I don't think many will be opened. O well I will still get them :wink:


----------



## purepower (Sep 11, 2004)

i cant wait for the dirt bags to start flying there comming down when they hit bath, sd. right mallard hunter


----------



## mallardhunter (May 15, 2004)

they will be all over and in the back of my truck


----------



## purepower (Sep 11, 2004)

lol.....theres gonna be a lot in my freezer


----------



## goose (Jul 19, 2003)

you boyz is all talk!! :lol:


----------



## fish&amp;hunt (Nov 4, 2004)

Goose you had better come up with some decoys pretty quick or I'd say you are all talk too.

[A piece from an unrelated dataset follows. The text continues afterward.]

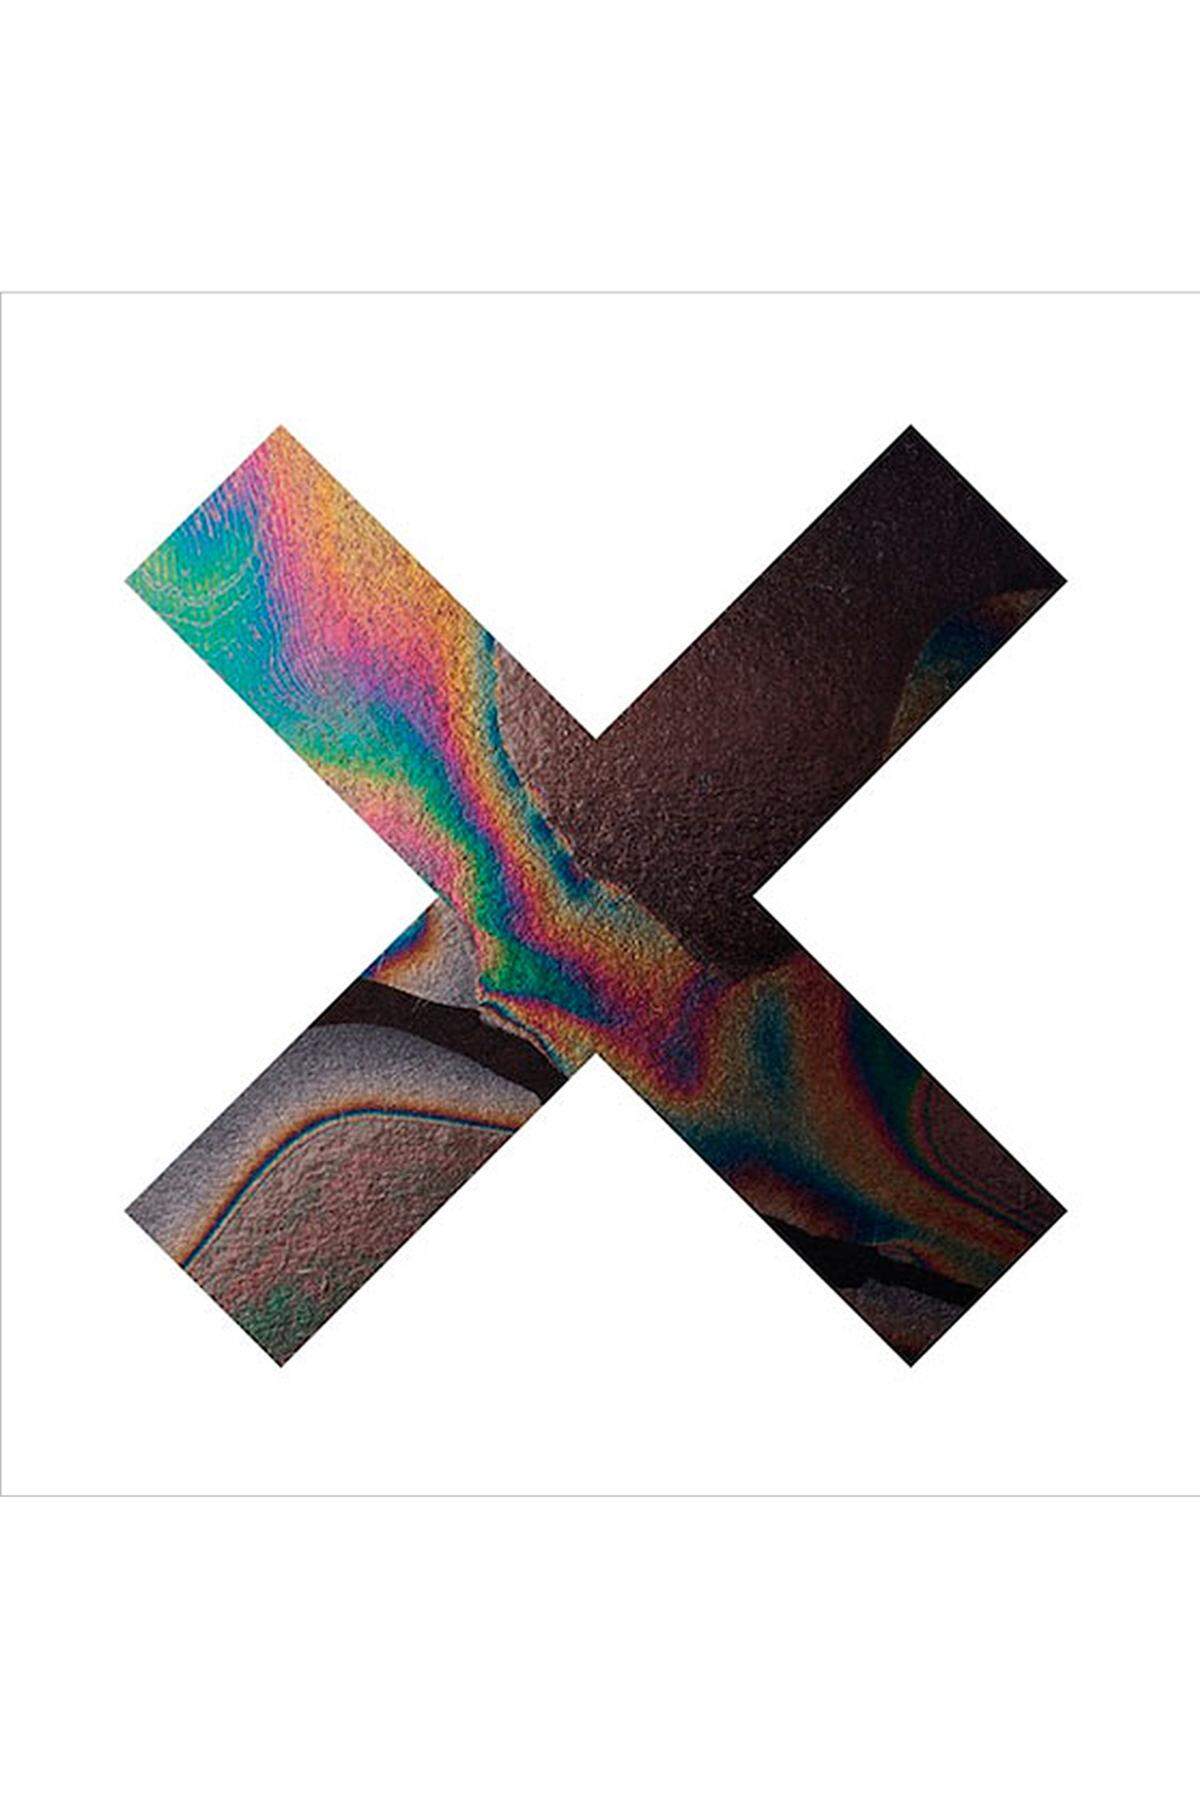 Das zweite Album der Briten The xx bot zwar wenig Veränderung zum ikonischen Debüt, bloß Verfeinerung und sanfte Variation. Ihr Minimalismus zwischen Indie, R’n’B und Elektronik überwältigte dennoch, ihr intimer, übernächtiger Sound blieb unerreicht.Link zur Kritik: The xx „Coexist“.Hörprobe: 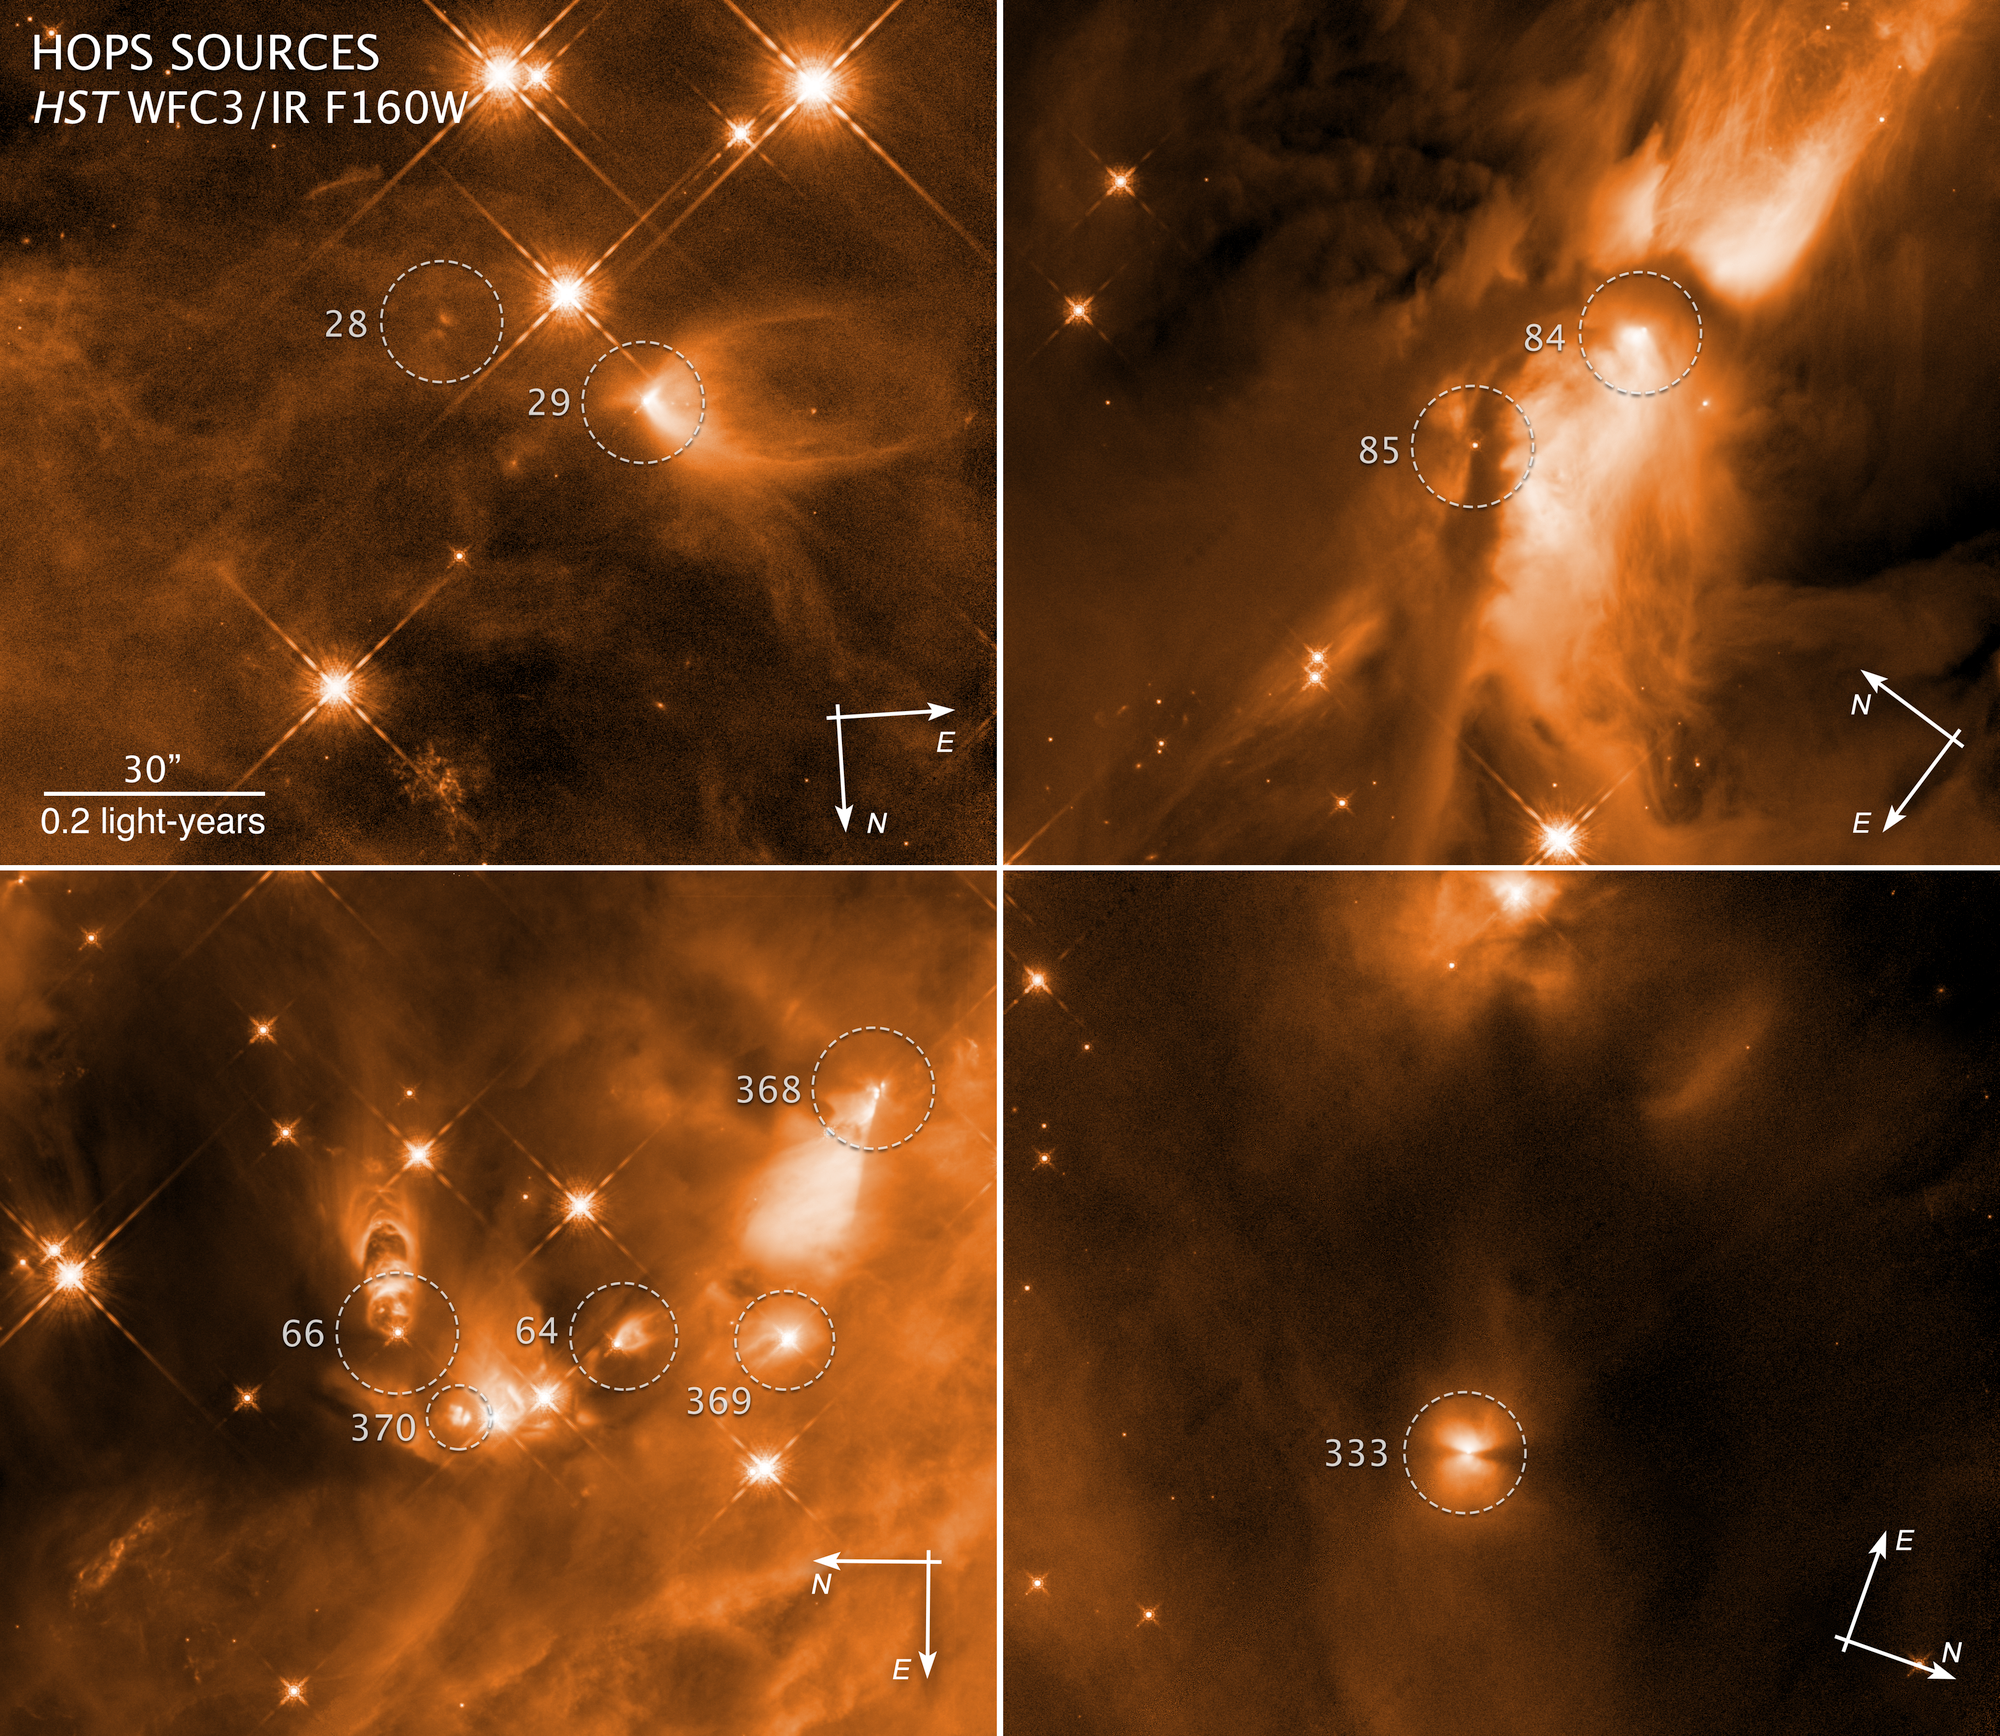 Wypływy materii z rodzących się gwiazd w gwiazdozbiorze Oriona. Cztery zdjęcia uzyskane teleskopem Hubble'a ujawniają narodziny gwiazd z kompleksie mgławic w Orionie - obszarze formowania się gwiazd, który znajduje się najbliższej Ziemi. Protogwiazdy zostały sfotografowane w bliskiej podczerwieni przez kamerę WFC3 w dn. 14 listopada 2009 r. oraz w 2010 r. 25 stycznia, 11 lutego i 11 sierpnia. Źródło: NASA, ESA, STScI, Nolan Habel (UToledo), Tom Megeath (UToledo)

Those 30 decoys you have in the trailer aren't going to get many flocks to come in! :lol:


----------



## purepower (Sep 11, 2004)

where we hunt all u need is 30 decoys and theyll come in its not as big of a numbers game around here.


----------



## honker (Feb 13, 2005)

THATS GAY IF THEY OPEN THE REFUGES. The gesse will have no were to rest than and they will just move out of the state really fash thats dumb i think


----------



## purepower (Sep 11, 2004)

you will tend to see them hide in nesting grounds that you cant hunt or get permission to hunt mainly along the river.


----------



## goose (Jul 19, 2003)

Got more then 30 in there. You just saw the floaters you missed the bins full of sox. Around 500, adding another 400-600 before they get here.


----------



## goose (Jul 19, 2003)

Purepower, I how many geese did you get with that thirty deke spread?


----------



## mallardhunter (May 15, 2004)

One time we got 18 with just an e-caller


----------



## Ty (Mar 11, 2004)

goose said:


> adding another 400-600 before they get here.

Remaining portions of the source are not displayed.